A handful of sources told Reuters yesterday of Oman’s Sohar Aluminium’s plans to confer with London financial institutions to discuss potential financing options.
Per the unnamed sources, Sohar is seeking options for altering the financing deal that formed it over a decade ago. The sources say it may seek to refinance a 2006 syndicated loan for US$1.5 billion that, at the present time, matures 3 years from now.
Per another of the sources, loans and bond issues are both being considered by the firm.
Any deal struck by Sohar is likely to add debt to a Gulf company in a time of low credit demand. Though a comeback in crude oil prices has increased liquidity in the region, demand for credit has not followed.

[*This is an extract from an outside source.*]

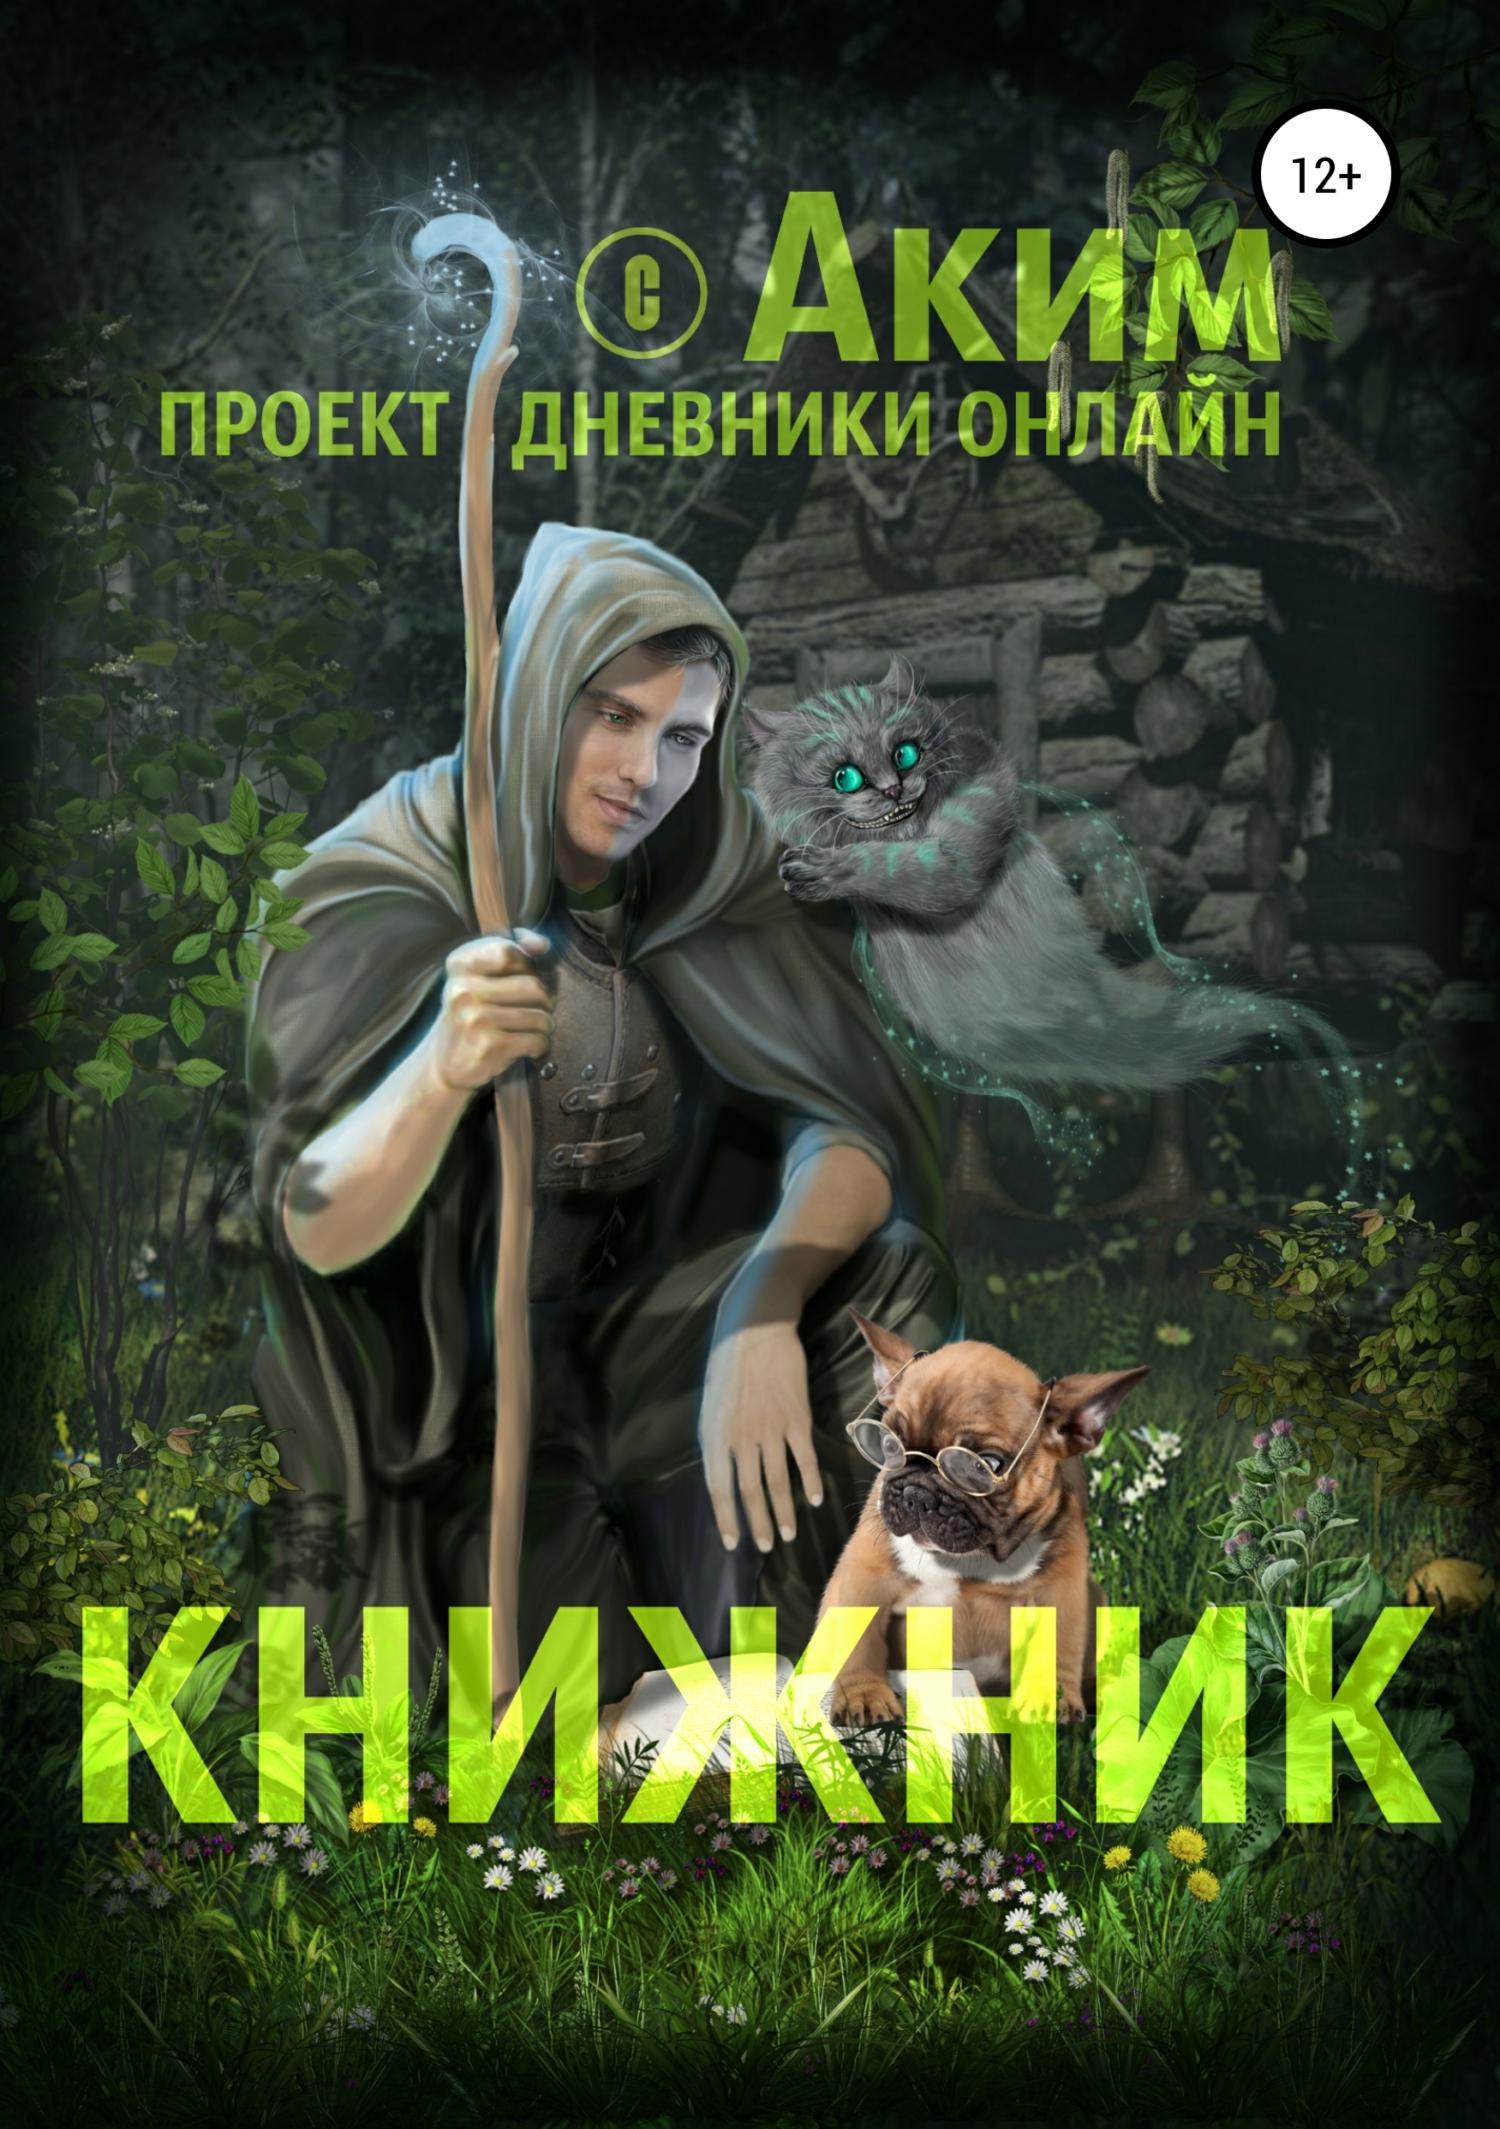 Аким Андреевич Титов Книжник арбитман роман эмильевич поединок крысы с мечтой о книгах людях и около того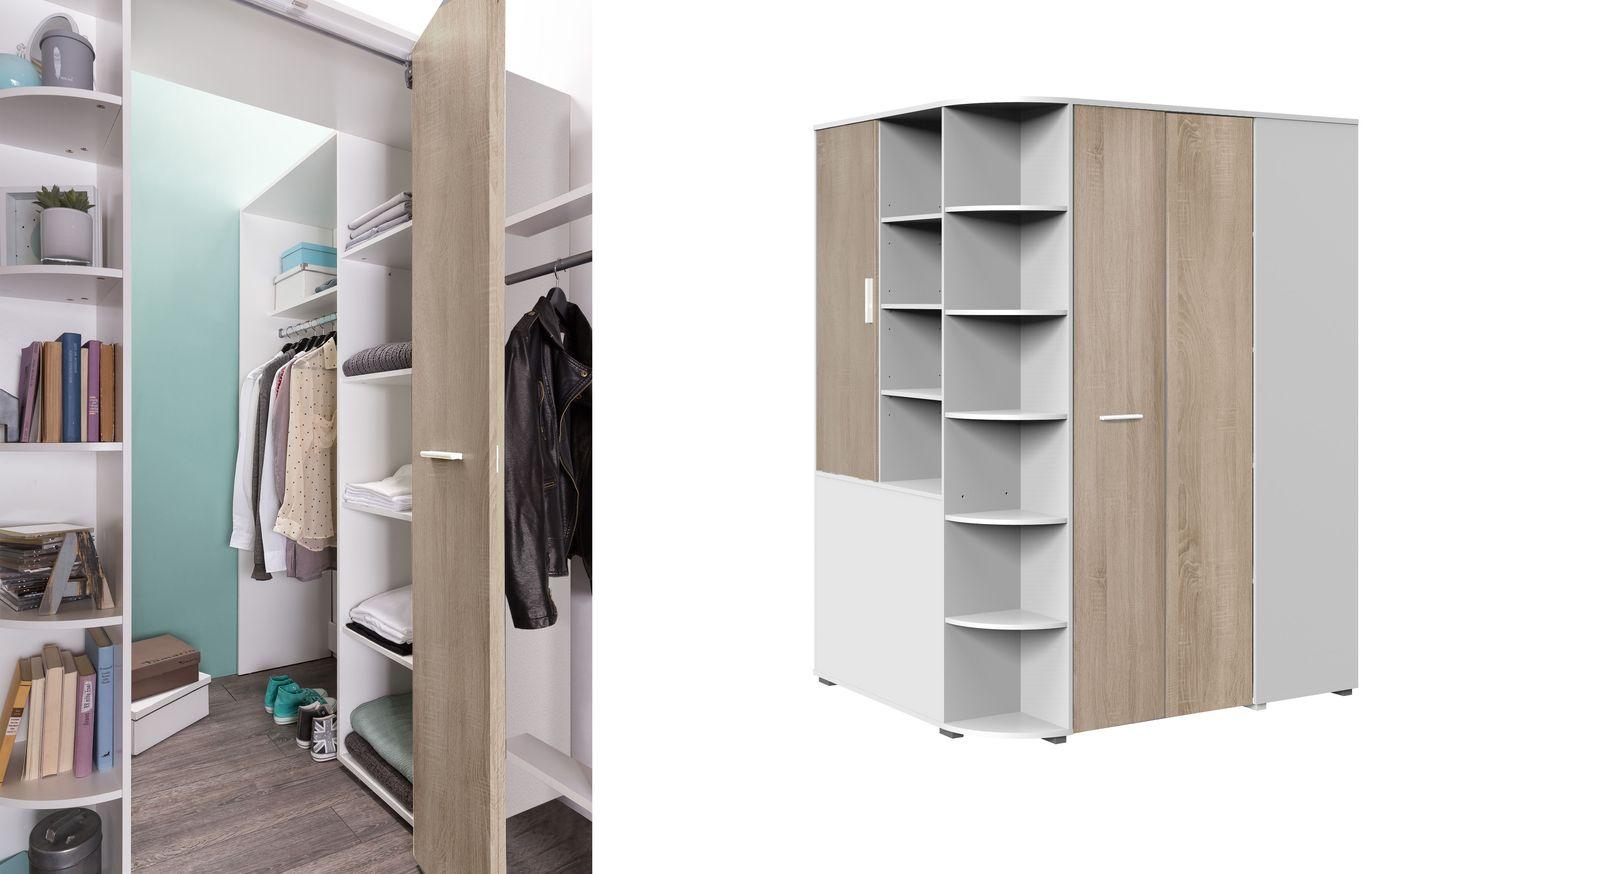 Begehbarer Eck-Kleiderschrank Solero mit klappbarer Tür

Sohar’s initial financing deal was struck by bookrunners ABN Amro and Citi. A significant group of banks from within Oman and around the region participated in the deal, as well as several financial institutions from the wider world.
For its part, Sohar Aluminium declined to go on record to address the rumors.
Born of a desire by the Omani government to begin to diversify its economy away from petroleum, Sohar Aluminium was founded in the fall of 2004 and is jointly owned by Oman Oil Company (40%), Abu Dhabi National Energy Company PJSC – TAQA (40%), and Rio Tinto Alcan (20%). The US$2.5-billion joint venture produced 375 thousand metric tons of aluminium in 2016.